For non-fission track visitors : why FTD in oil exploration ?
Written by Michael Krochmal   
Tuesday, 04 September 2007 07:03

The question is :

What is the utility of thermochronology in facilitating oil exploration ? Does it better define the production environment and so the likelihood of finding oil ? Do you still need to obtain the (core) sampling array, but are better able to define what is there ? Or is it something else ?


(Mike's total layman's take on FTD - ie The Complete Idiot's Guide To ... ) :

You have hit the nail on the head : my understanding is that the core samples are still taken, but the analysis is of higher quality.
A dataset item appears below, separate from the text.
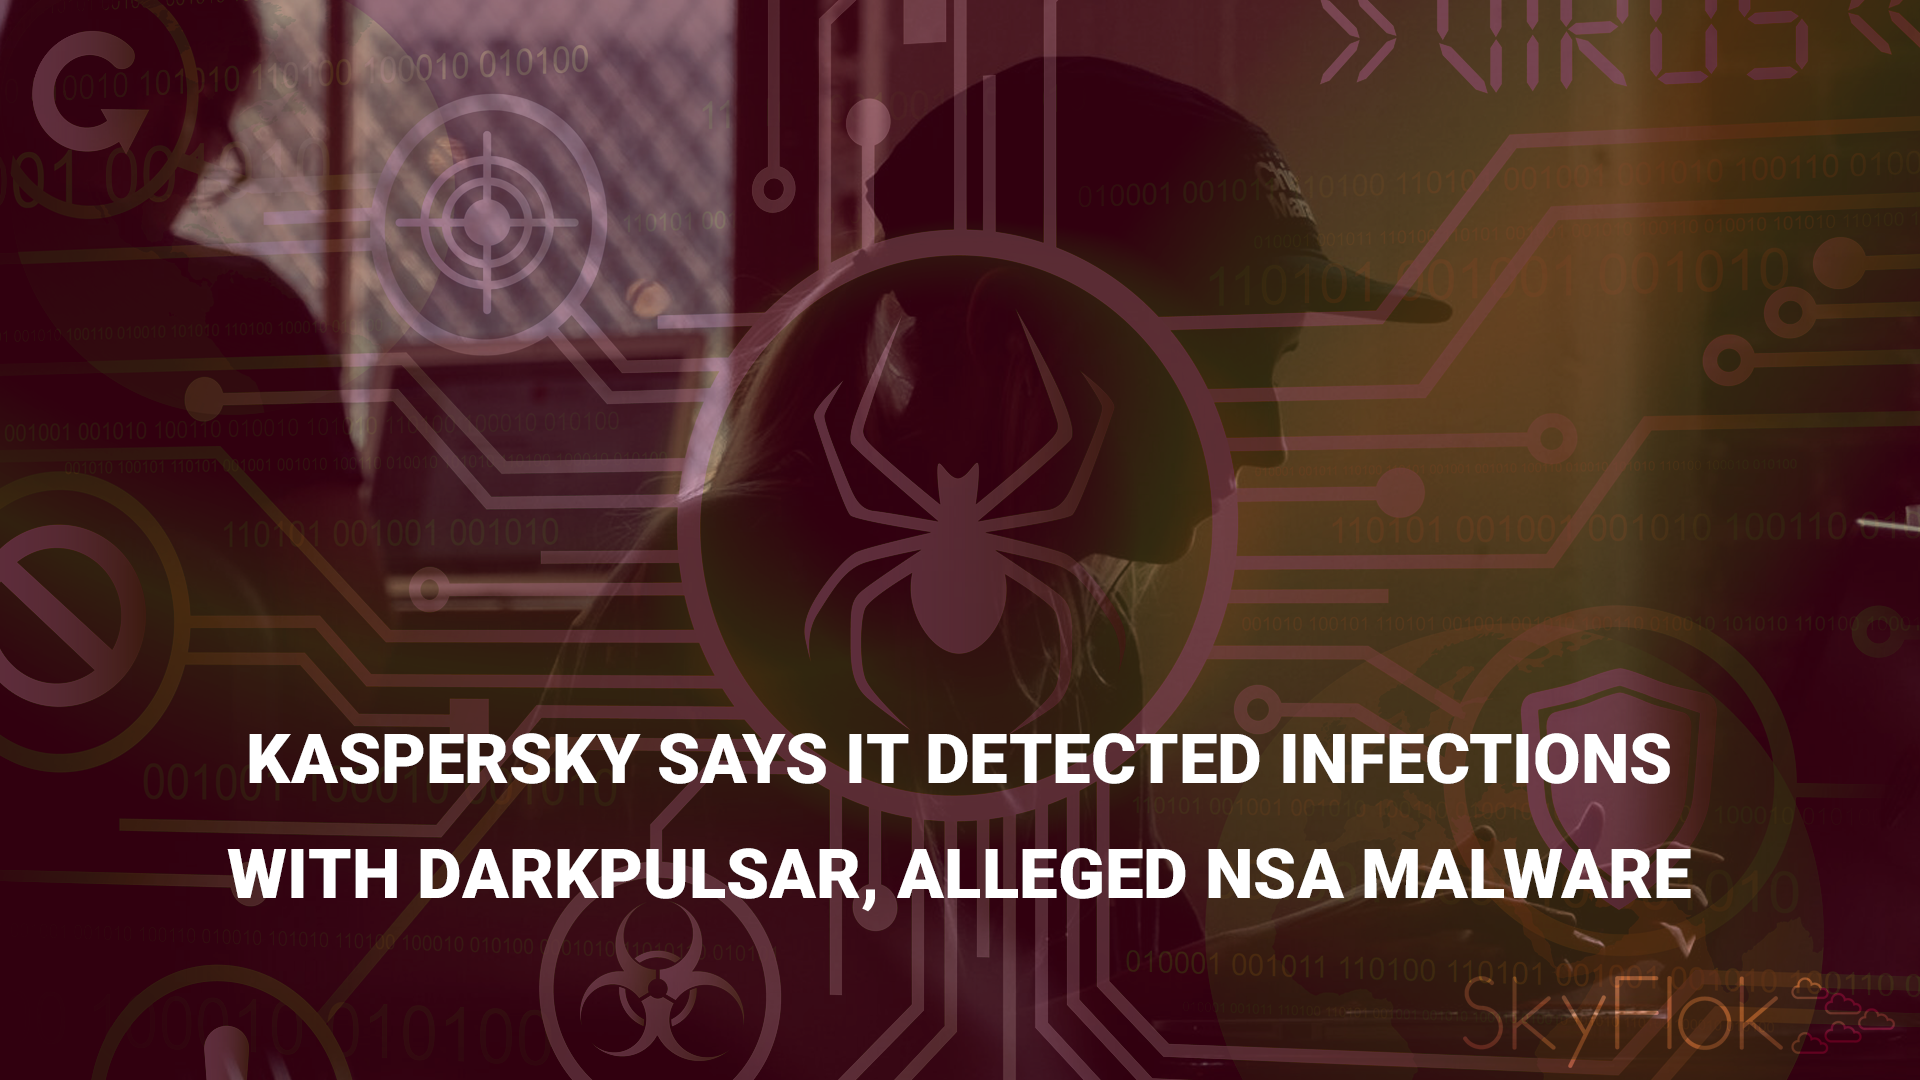 Kaspersky says it detected infections with DarkPulsar, alleged NSA malware
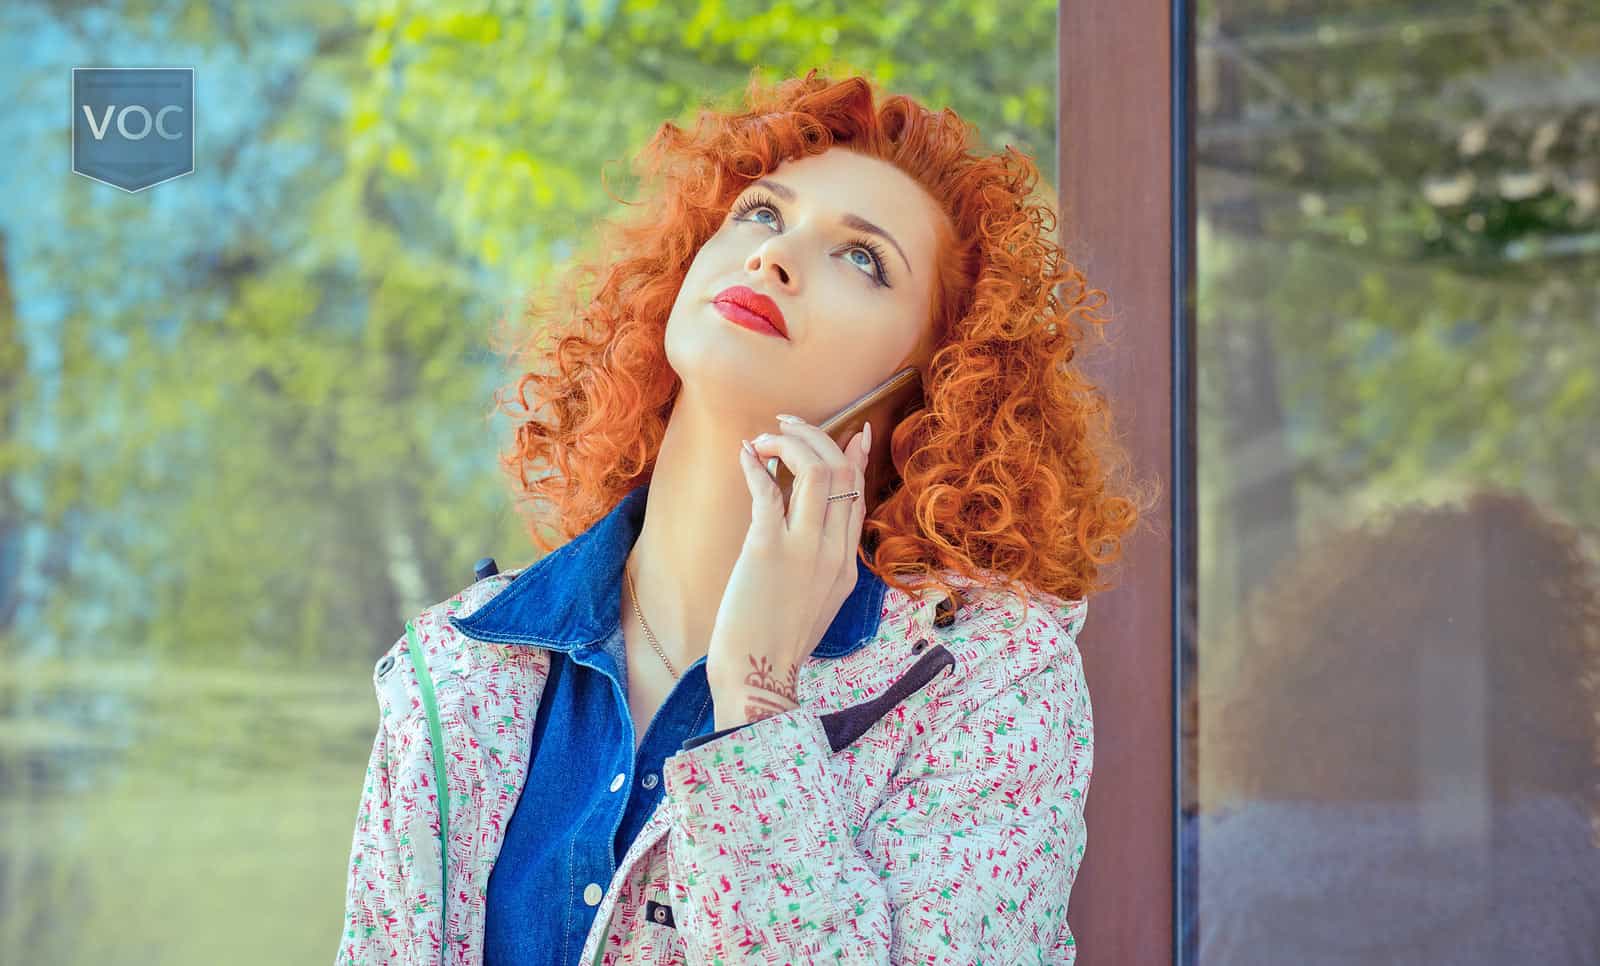 red-head-woman-being-harrassed-while-shes-on-the-phone-with-timeshare-exit-services-company

Oil tends to occur in places where suitable organic matter was present in prehistoric times, and where the eventually resultant rock containing this matter has experienced a thermal history that has turned the organic matter into oil. The two prerequisites for finding oil are that the rock is of a particular age, and that it has been compressed over vast time scales (thus increasing the temperature and enabling the necessary chemical processing to proceed). FTD is a technique which allows such assessments to be made, using suitable marker materials.
The most commonly used marker materials are apatite [Ca5(PO4)3(F,Cl,OH)], zircon (ZrSiO4) and sphene (also known as titanite) [CaTiO(SiO4)]. These materials are chosen because they incorporate suitable concentrations of naturally occurring uranium. The marker minerals are separated from the rest of the rock matrix by mechanical, magnetic and other means (eg the use of very heavy liquids). Each of the three minerals mentioned above has different characteristics, and each is used as a slightly different indicator.

The FTD technique for which our equipment is used, and which is known as the "External Detector Method" (EDM) of Fission Track Dating, is most often used with apatite. The technique allows the scientist to find the age of the rock sample by comparing the number of damage tracks (fission tracks) which have arisen spontaneously over the millenia in the mineral crystals (grains), due to the nuclear breakdown of the uranium, with the number of damage tracks created in an external detector, usually a thin sliver of muscovite mica, by exposure to a slow neutron beam. In Australia, this exposure is carried out at the OPAL reactor facility at ANSTO in Lucas Heights, NSW. The exposure causes secondary emission of radiation which damages the mica, whose activity depends on the age of the mineral (greater ages being associated with greater uranium depletion, and thus fewer tracks on the mica). Old samples have accumulated lots of ("spontaneous") grain tracks, but create few ("induced") mica tracks, and young samples are the opposite. For both the grain and mica mounts, the tracks to be analysed can be made visible under an optical microscope by chemical etching.

The thermal history can be established because an increase in temperature gives rise to a shortening of the tracks by a "self-healing" process in the crystal lattice, which is called "annealing". By taking a statistical sample of track lengths, the scientist can establish a time/temperature history.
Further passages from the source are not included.